By the way, make sure your chimney is good and clean before installing the liner, mine had a lot of stage 3 creosote which was a PITA to get rid of.


----------



## Slgbaby (Mar 20, 2017)

69_Eliminator said:


> Hello All!  I bought an older insert about a month and a half ago.  It didn't have any name on the front and I didn't see any kind of information plaque on it anywhere.  I stopped at a local chimney store to check them out and the owner of the chimney store said that this insert is an Aurora brand and that Aurora went out of business in 1983.
> 
> I wanted to see if anyone could identify which model this insert is.  I would like to see if I can find an owner's manual online.  If anyone has one of these and can give me some tips on how they burn theirs that would be great. I am okay at burning it, but far from an expert.
> 
> ...


I have this exact stove and in searching for new homeowners insurance they are asking if my stove is UL listed. This stove has no identifying information on it at all except the name plate on the front, does your manual mention UL listing?? I know this thread is forever old and it's a long shot just hoping for an answer


----------



## 69_Eliminator (Mar 23, 2017)

There is no identifying tags on my stove either.  I'm pretty sure it is not UL listed, but I can check the paperwork on my home computer when I get a chance and let you know.  My insurance company didn't ask when I told them I was using it.


----------



## jstuttler (Nov 17, 2020)

Hello! We purchased a house which had an Aurora insert left behind by the previous owner. They said they used it when they lived here 7+ years ago. It is not installed currently. We would like to install it and are not sure where to begin. Reading through the earlier information in this thread is helpful. I know this is a very old thread, but if the manual is still available, we would like to have a copy also. Additionally, our insert is very rusted and in less than ideal condition aesthetically. What do you recommend to recondition the surface? Thank you in advance and I hope someone still sees this post.


----------



## begreen (Nov 17, 2020)

The stove looks like it has been ridden hard.
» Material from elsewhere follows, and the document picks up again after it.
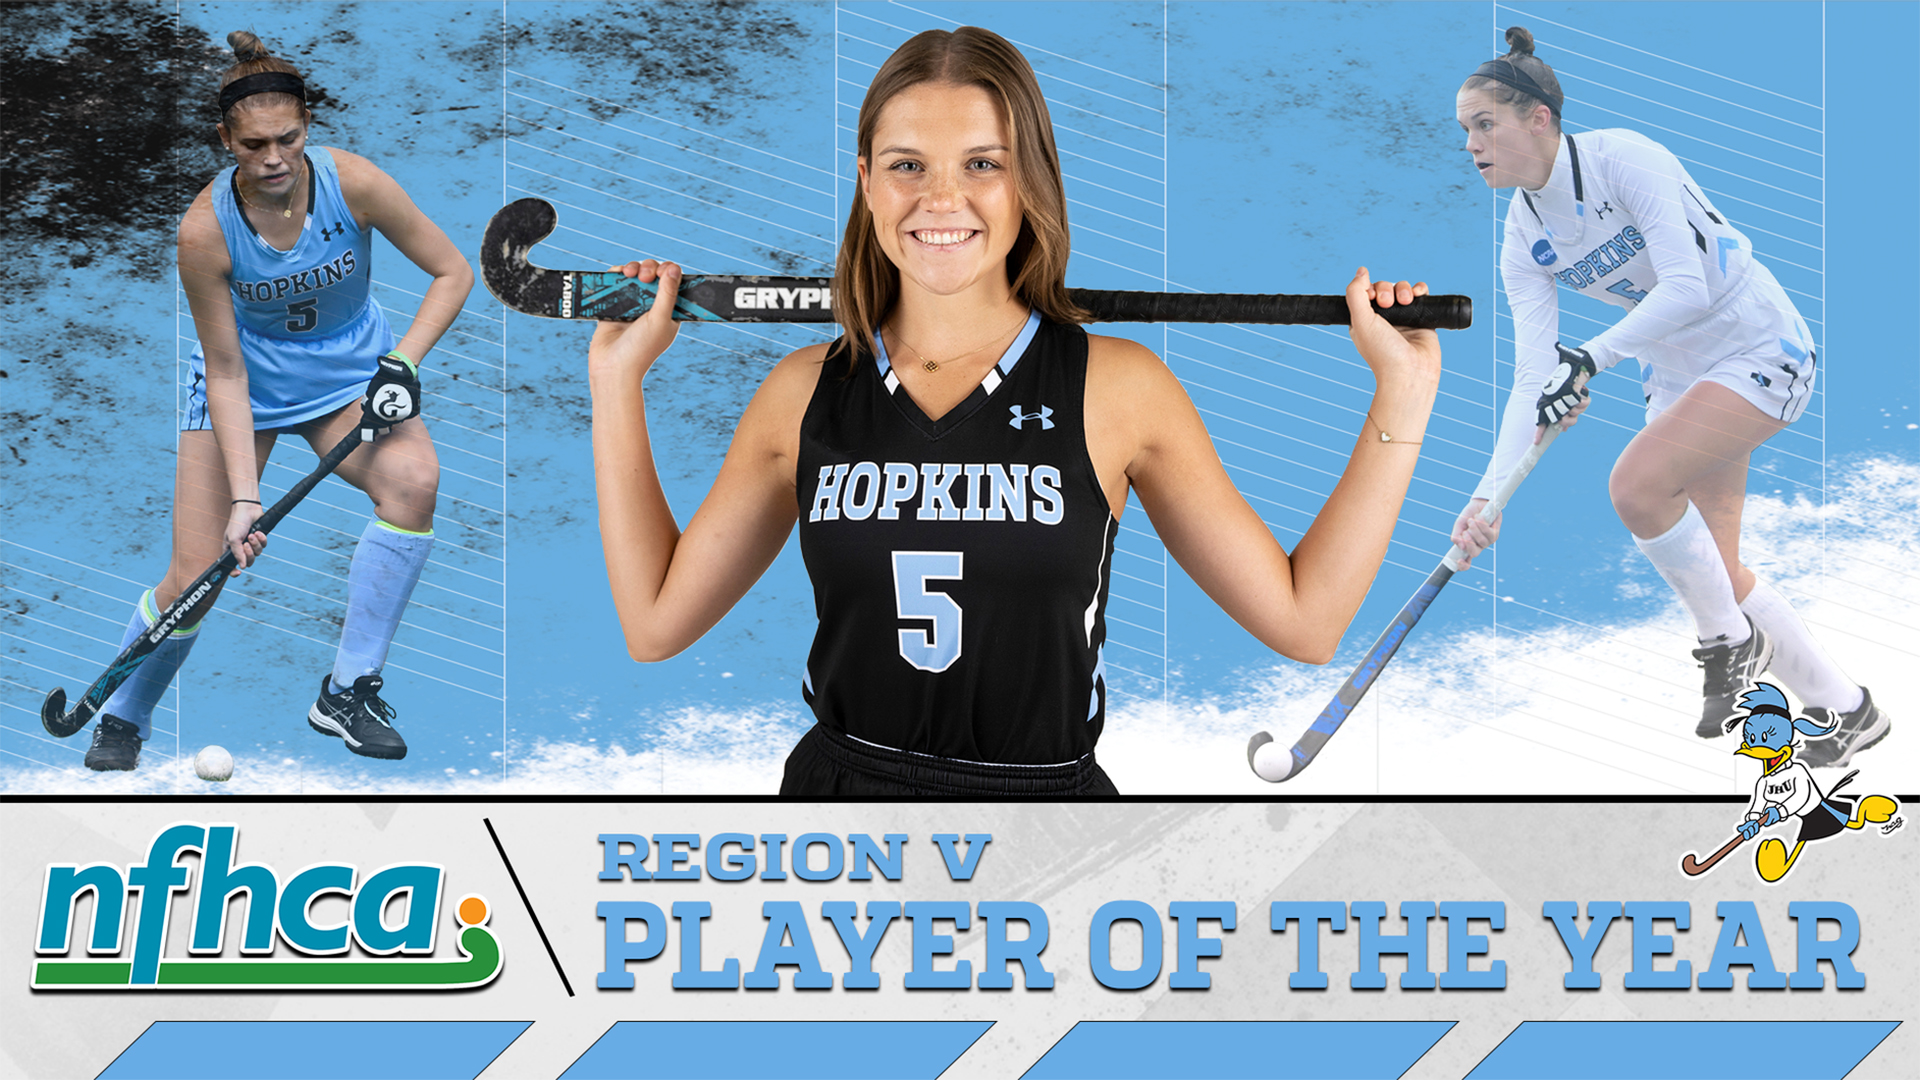 JHU's Birk Repeats as Regional Player of the Year

Check it very thoroughly for damage from overfiring.


----------



## MikeGior (Apr 18, 2022)

69_Eliminator said:


> Hello, I am glad to see that you are thinking of modifying your Aurora like I did to run a liner.  No problem on the questions.  I used a high temperature caulk/sealant to seal the adapter to the insert.  I bought the liner from the same place I got the adapter from- https://www.firesidechimneysupply.com/  I am using a 7" flexible liner.  8" is usually recommended for an older non-EPA style stove like the Auroras, but I was thinking about one day getting an EPA stove and they are supposed to run 6" liners and wouldn't want to buy another liner for a newer stove so I split the difference and got a 7" liner, it works great!
> 
> If you want to send me a private message with your email address I can send you the documentation I have on the Aurora stoves.
> 
> ...


Can I also have a copy of the manual - pdf?

Thanks a million,
Mike G 
mikegior333@gmail.com


----------